1. What were you like as a child- Who are you today?

As a child, I was always very curious, inquisitive and adventurous. My first venture was when I was 7 years old. I set up a lemonade stand – but when no one bought my lemonade, I put on my roller skates and created a door-to-door lemonade service. It worked beautifully, as no one could say no to a 7-year old selling lemonade door-to-door on a hot summer day.

I hope I have that same sense of boldness and adventurousness today. I love social entrepreneurship- the idea of using my business to do something good for the world. I love exploring new ideas and places, and constantly learning- whether that’s through the company I start, my meditation practice or surfing.

I believe you can do anything you put your mind to. Don’t overthink the solution– just get out there and create something, experiment and prototype. Then refine your solution along the way-but take that first step, which is always the most difficult. Measure yourself not necessarily by the outcomes at first, but by how quickly you’re learning along the way so you can ultimately create the best solution.

Also, I believe it’s really important to be rooted in your purpose.
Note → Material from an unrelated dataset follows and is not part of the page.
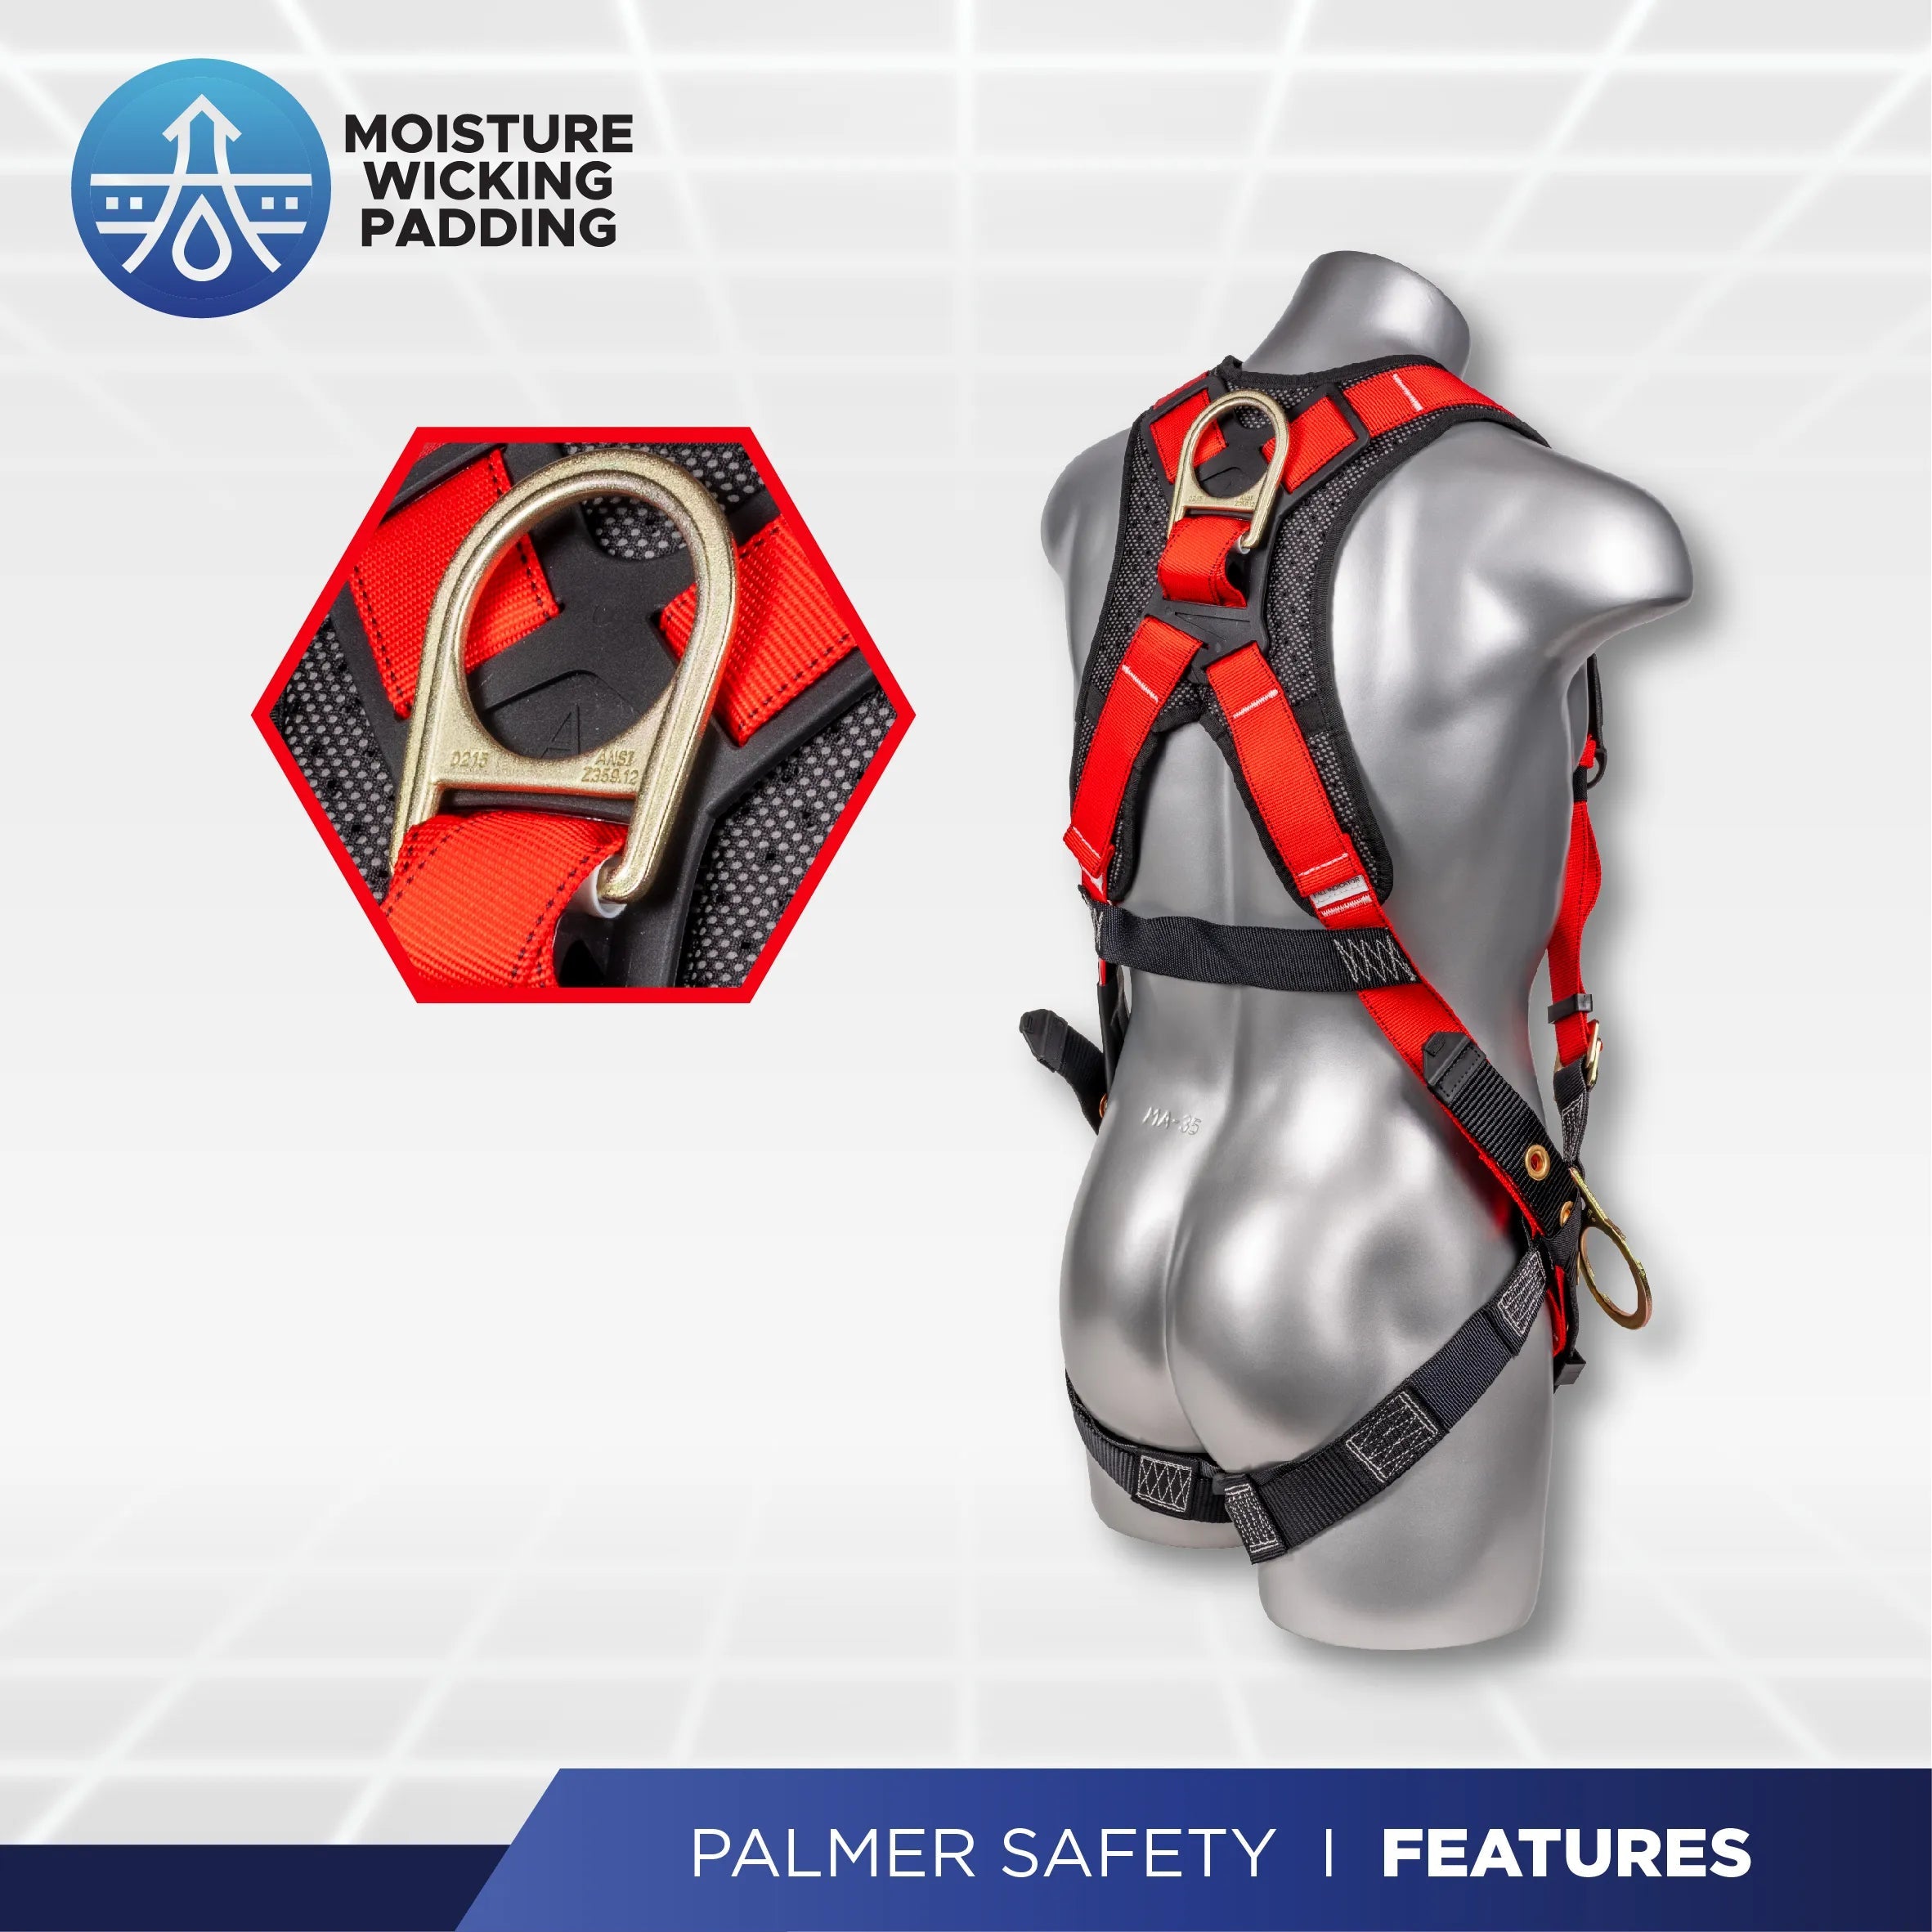 Construction Safety Harness 5 Point, Grommet Legs, Padded Back, Red

It’s so easy to get distracted as you’re trying something new, so make sure you stay true to why you are solving this problem in the first place and how it aligns with your values.


Because when you truly believe in something, as Paulo Coehlo says, “the entire universe will conspire in helping you to achieve it.”

2. Your life’s work?

My turning point was in 2002, a few years after I graduated from college. I read an article in The New York Times that changed my life. The article was about the AIDS epidemic in China, where millions of farmers had contracted HIV through selling their blood. This was a huge campaign in which everyone’s blood was collected and pooled together. The plasma was then separated and the remaining red blood cells were re-injected into the people’s bodies with the belief that they would regenerate blood more quickly. In many of the villages, 60-80% of the adult population became HIV positive.

When I read this I was so horrified and shocked. My heart went out to these people and a light bulb turned on in my head. I realized we are among the luckiest people in this world. I could have just as easily been born into a different life and suffered this horrible fate as a result. I decided I wanted to use the opportunity and skills I had been given to do something about the situation.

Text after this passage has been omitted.